PORTLAND Catholic school teacher Michael Crowe yesterday told a parliamentary inquiry his career had been destroyed for trying to report inappropriate priest behaviour.
“I’ve been persecuted, harassed, bullied,” Mr Crowe said during the inquiry into institutionalised child abuse sitting in Ballarat.
Mr Crowe said he caught a priest inappropriately touching a student in 2010 and tried to report it but was ignored.
“There is no support and protection for Catholic whistleblowers in the system. The organisation is corrupt from the top down.”
His wife Carol said their children had changed schools three times and they had to sell their house because it was too close to the original school.
“There is a sense of disgust at what’s happened to us,” Mrs Crowe said. Mr Crowe, who still lives in Portland, is no longer working as a teacher.

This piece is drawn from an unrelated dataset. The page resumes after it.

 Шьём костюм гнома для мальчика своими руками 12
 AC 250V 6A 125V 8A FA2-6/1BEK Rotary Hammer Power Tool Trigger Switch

Anne Ryan’s 25-year career as a Catholic school teacher ended abruptly in 1996 when her job was threatened for trying to expose sexual abuse.
“I resigned that day,” Ms Ryan told the inquiry.
Ms Ryan said her entire career had been spent teaching in the Ballarat diocese until she began to have concerns about sexual abuse. She complained to the then Ballarat bishop Ronald Mulkearns — who she said described paedophilia as an “illness” — and representative Catholic bodies, but was ignored.
“Due to the inaction within the church, I began to use my voice more publicly,” Ms Ryan said. “I contacted Broken Rites, I wrote letters to the editor, I even went on a Four Corners program to try to raise the issue.
“In 1996, both the principal and the parish priest of my school actively threatened my position if I continued my activities in the public domain.”
Ms Ryan said she attended the inquiry to speak for the boys she taught. “I am their voice. Hopefully we are moving towards peace, justice and some kind of recovery.”
Ms Ryan said Bishop Mulkearns was also not on the same page as people who needed help. “I think that they (the church) think they are beyond the law.”
Speaking at yesterday’s inquiry, Peter Blenkiron called for concrete outcomes to stop more suicides or early deaths caused by drug and alcohol abuse. For years Mr Blenkiron battled suicidal thoughts playing like a stereo in his head, telling him he was worthless. “But the more support you get, the more the volume goes down,” he said.
Seven survivors told their stories at the inquiry at Ballarat Lodge, many breaking down in tears or displaying photos of themselves at the age of the abuse.
Anne Murray said one of her brothers, Anthony, died from AIDS at 33. Anthony was repeatedly raped by Father Gerald Ridsdale in a tent on a school camp, which continued on their return to Ballarat.